Today is the last post focused on the Tinkuy de Tejedores (The Gathering of Weavers), which took place just three weeks ago in Cusco, Peru. The event had so much richness—the garb worn by all the visiting weavers (except for us Americans who mostly wore drab clothing but accessorized with colorful scarves), two weaving demonstrations per day for three days totaling forty-five or so different weaving techniques, plus panels, workshops, and lectures. And if all that wasn’t enough, the stimulation of being with our “tribe” for this time period felt like three weeks not three days.
The community of Pitumarca has three unique weaving styles: tapestry (tapiz), discontinuous warp (ticlla or scaffold weaving), and a supplementary technique using multicolored floral and diamond patterns. This community has woven many of our ClothRoads exclusive handspinning bags (also perfect as a knitting bag).
In the 1980s, the men in Pitumarca resumed weaving an ancient tapestry technique practiced by many cultures in Peru dating back to pre-Incan times. This style of tapestry includes motifs of animals, birds, plants, and other symbols important to the narrative of the piece.
Ticlla mystified me until I took a one-day class with a weaver from Pitumarca a few years back. While I took away an understanding of the construction, what I really gained was a profound appreciation for this technique that has been used by the pre-Incan cultures of Chimu, Paracas, and Nazca. Weavers in Pitumarca and Q’eros still practice this woven form.
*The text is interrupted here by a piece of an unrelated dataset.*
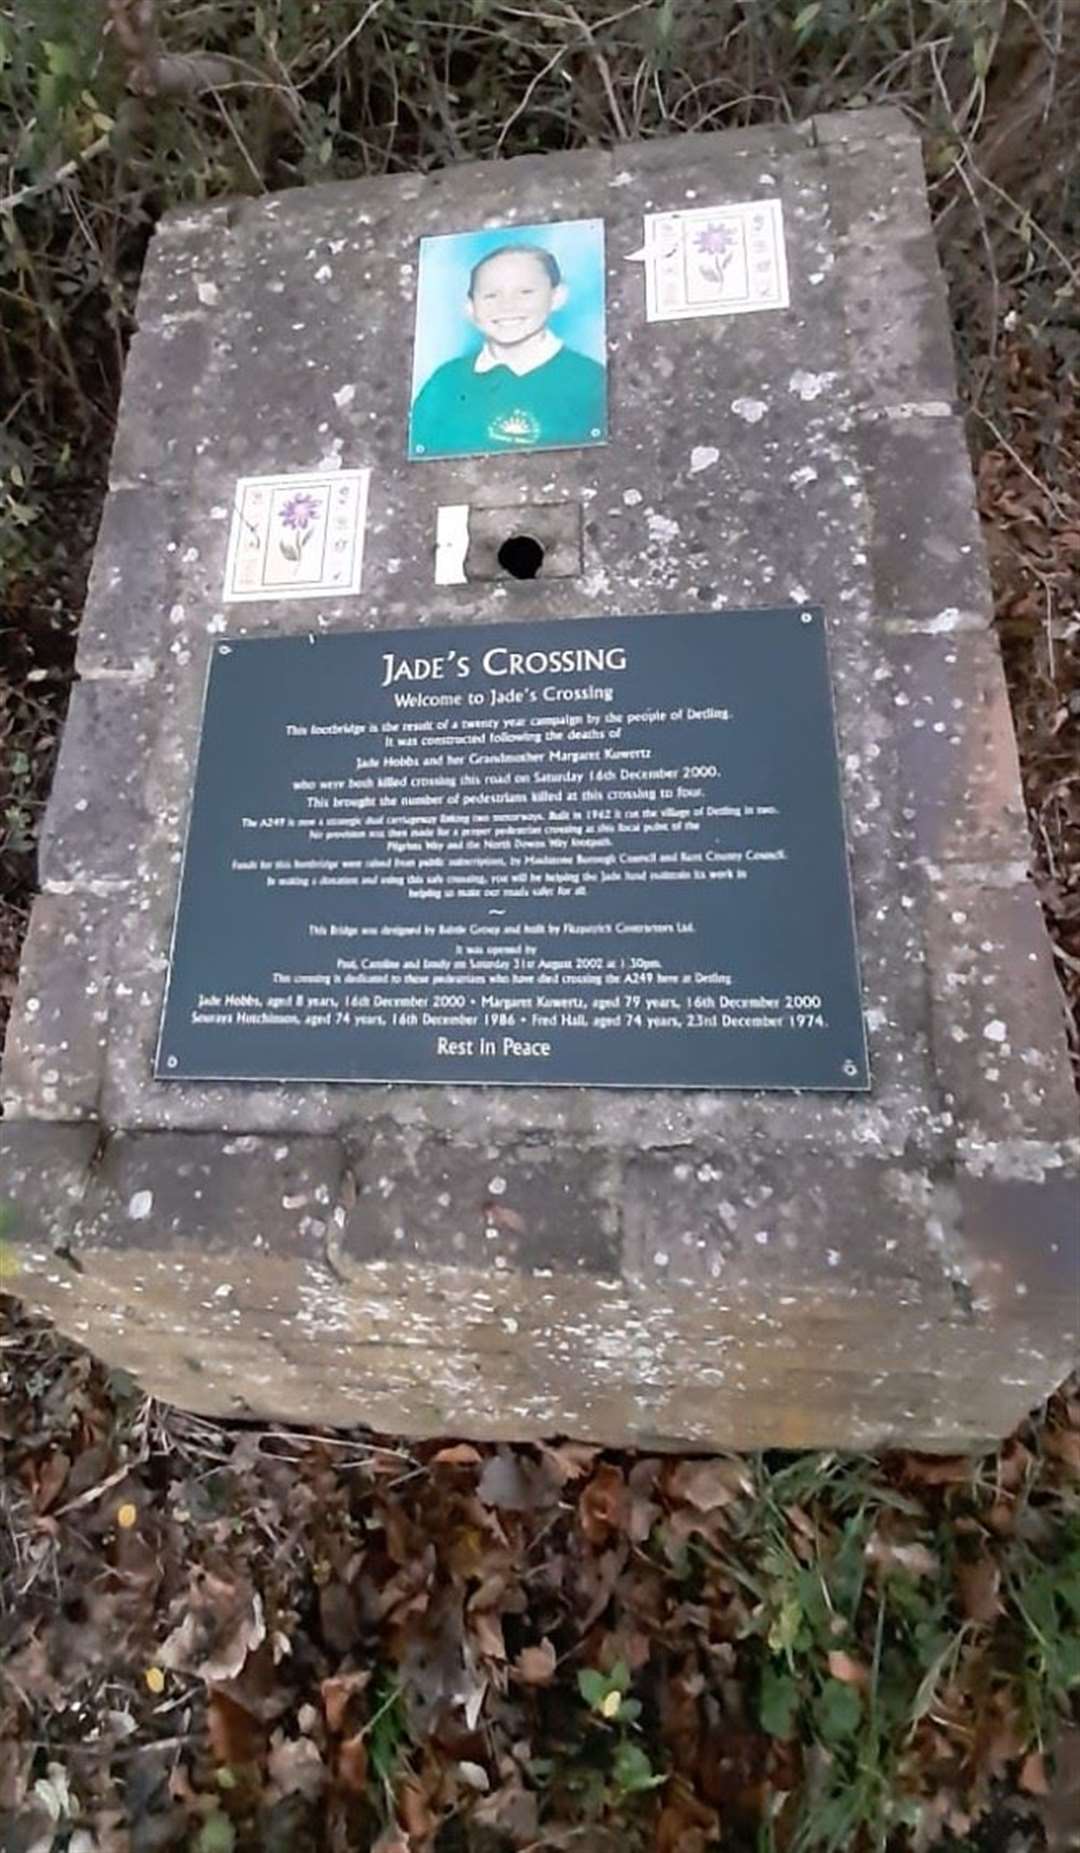 A plaque near the crossing, to Jade and the others who died crossing the A249 at Detling

Last February, during the opening week of the exhibit “Weaving Lives: Transforming Textile Traditions in the Peruvian Highlands” at Colorado State University, the Pitumarca weaver Antonia Rojo Arapa demonstrated discontinuous weaving. What a pleasure it was to see her again and to meet her daughter Yanet and her mother Asunta.
Demonstrations and Classes
I signed up for the sling braiding class. The young man did his best to teach me a simple braiding technique but to little avail. I blame it on the altitude–my brain not able to process what the left hand should be clenching while the right one flipped yarn to and fro. So instead, I watched the expert Peruvian Señor Caylloma making his special dance slings. His slings are still made from llama fiber, just as the ancient Andean ones were made during Incan times. Besides ceremonial or dance slings, simple ones are used to control animals as well as to secure their bundles onto the backs of llamas.
First time ever to leave Indian soil, weaver Dayalal Kudecha from Bhuj, entranced many weavers and non-ones alike with his loom, designs, and woven shawls. So unlike anything they had seen before.
Representing the Navajo Nation, Barbara Teller Ornelas, fifth generation Two Grey Hills weaver, enchanted all with her storytelling of her heritage, lands, and people.
Creative and Colorful
I’m pretty sure that some artisans stretched their traditional dress perhaps a bit far from mainstream. No matter—they were magnificent.
Color abounded as did stretching one’s creativity. The Peruvian weavers took workshops too. They attended sessions on marketing strategies, product development and design. American Mimi Robinson had 200 weavers stretching their color world into designing new striping palettes. Once they had yarn in their hands and started wrapping, they didn’t want to stop.
No dullness here!
Many weavers I’ve spoken with back in the U.S. have said how much they wanted to attend this year and are planning to go to the next one. And my reply has been, “I don’t think there will be another one.” But we learned that Mexico is going to pick up the baton (or in weaving lingo “batten”) and host the next Tinkuy in 2015. Just a few years before the weavers of the world will be back together again.